If you don’t feel like growing yet another sprawling grid-based metropolis on Cities: Skylines, here’s a list of what you should do to create a charming small town instead!
- Keep residences small and spaced apart
- Create a main street and town center
- Consider renewable energy and recycling
- Integrate farming or fishing industry
- Spend time on landscaping and detailing
Task #1: Keep Residences Small and Spaced Apart
Unlike big cities where every last bit of space needs to be maximized, your small town gets to have plenty of open spaces.
If you want to, it’s also a good opportunity to forgo the usual grid layouts and experiment with curved, irregular roads.
You can follow the natural shape of the terrain to design your road layouts.

Instead of zoning swathes of residential at a time, zone your buildings individually and space them apart, to allow for plenty of open space in between.
Vary your zoning sizes — you can create buildings as small as 1×1.


If you like the look of a certain building, you can tick “Historical building” to prevent the house from upgrading into a larger mansion or apartment.

Task #2: Create a Main Street & Town Center
To give your small town a sense of community, design a town center where people converge for shopping, leisure, and administrative tasks.
Here you’ll want to place government offices, the bulk of your services, perhaps a nice big park, and some shops.
Plan out a main street along which you’ll place most of these public buildings. Since traffic won’t be much of an issue for your small population, a 4-lane road will be enough for the main street.

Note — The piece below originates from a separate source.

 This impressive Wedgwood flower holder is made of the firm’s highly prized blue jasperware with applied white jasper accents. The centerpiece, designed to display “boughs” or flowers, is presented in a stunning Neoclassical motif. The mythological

Task #3: Consider Renewable Energy & Recycling
If your map has plenty of available wind power, consider sticking to wind turbines for your power source, instead of building a coal power plant.
Also, since your population will be fairly small, you could go for a recycling center instead of a landfill site.
Doing the above things will mean your quaint town won’t have to have a patch of badly polluted ground from oil or coal power plants, or landfills.
Task #4: Integrate Farming or Fishing Industries
You’ll want to think about where your small town gets its income.
The farming and fishing industries are great for this — they’re much more fitting than the huge, smoke-belching factories of generic industry.
The Industries DLC will allow you to create a much more customized farming area with great looking crop fields, fruit tree plantations, and pastures.

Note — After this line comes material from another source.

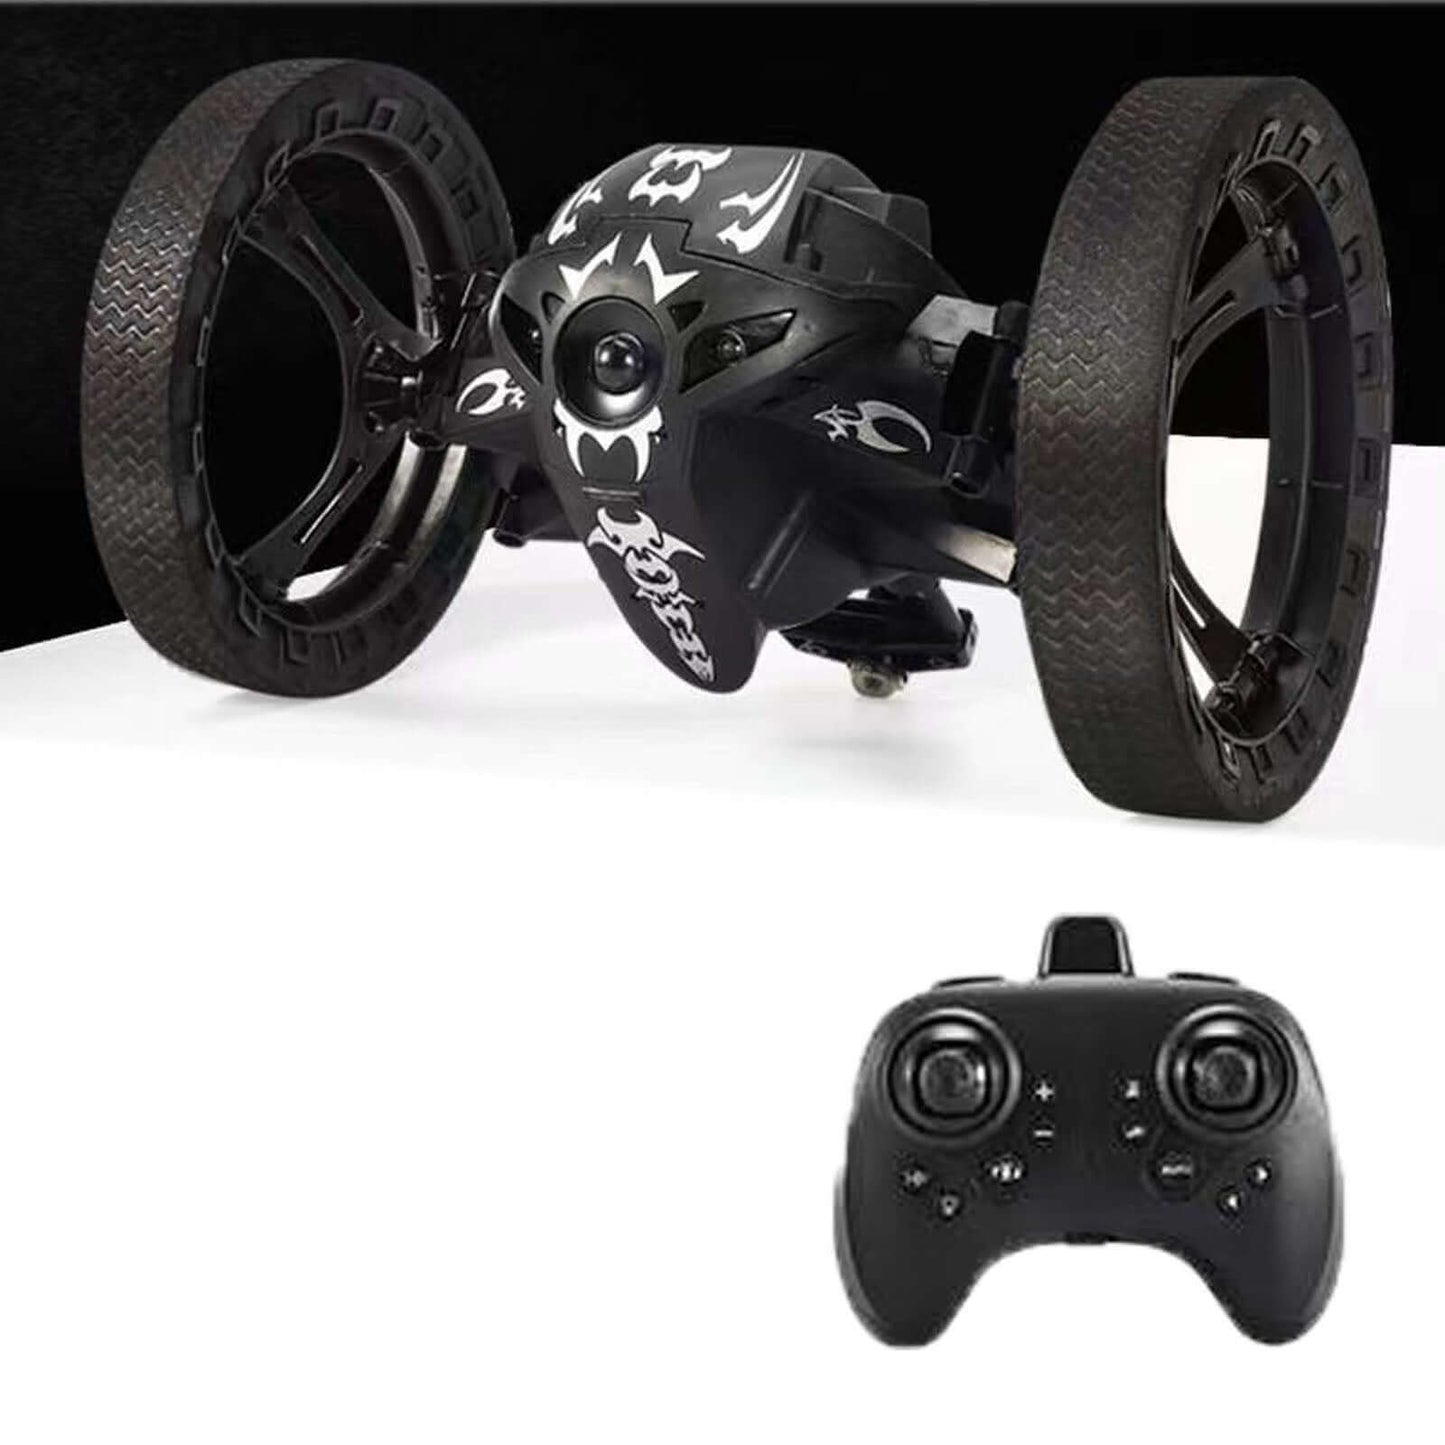 RC Car with Camera - WiFi Bounce Car with HD 2.0MP Camera and Flexible Wheels - Peg SJ88 4CH 2.4GHz Jumping Sumo - KidsToyLover

Alternatively, if you don’t have Industries, you could just paint a district over that part of the map, give it the Farming industry specialization, then zone industry buildings there.
If you have the Sunset Harbor DLC, you can also create a fishing industry. It’s a great way to integrate your map’s bodies of water into the narrative of your town!
Task #5: Spend Time on Landscaping and Detailing
Not having to tend to the needs of a massive population means you can pay a bit more attention to carefully beautifying your town.
The Steam Workshop has a lot of free assets that you can use to decorate.
For starters, MrMaison’s Nature Collection brings together a nice selection of trees and shrubberies that you can download all at once.
If you have the Parklife DLC, a big custom park in the middle of your town would be a great attraction.

Outside of park areas, you can also use assets from Parklife (or any free assets you wish to download from the Steam Workshop) to spruce up various spots around your town.

Optional: Use Mods To Make Management & Unlocking Easier
Building a small town forces you into a slower playstyle — which to some may be part of its appeal.
However, it does come with certain difficulties.
First, having such a small and slow-growing population means the balancing act of maintaining a positive budget in the early game can be even more difficult. You might find it tough to get enough tax income to sustain your basic utilities and services.
Another possible downside of keeping your population small is not having access to buildings that require a certain population milestone to unlock.
If you’d rather not deal with these issues and want to focus on the creative aspect instead, there are two mods that can make building your small town a lot easier: the Unlimited Money mod and the Unlock All mod.
You can find both under mods in the content manager.


Using these mods relieves you of any pressure to zone any more than you want, since you will no longer need the population (and the industry/commercial zoning to support them) for income or unlocking facilities.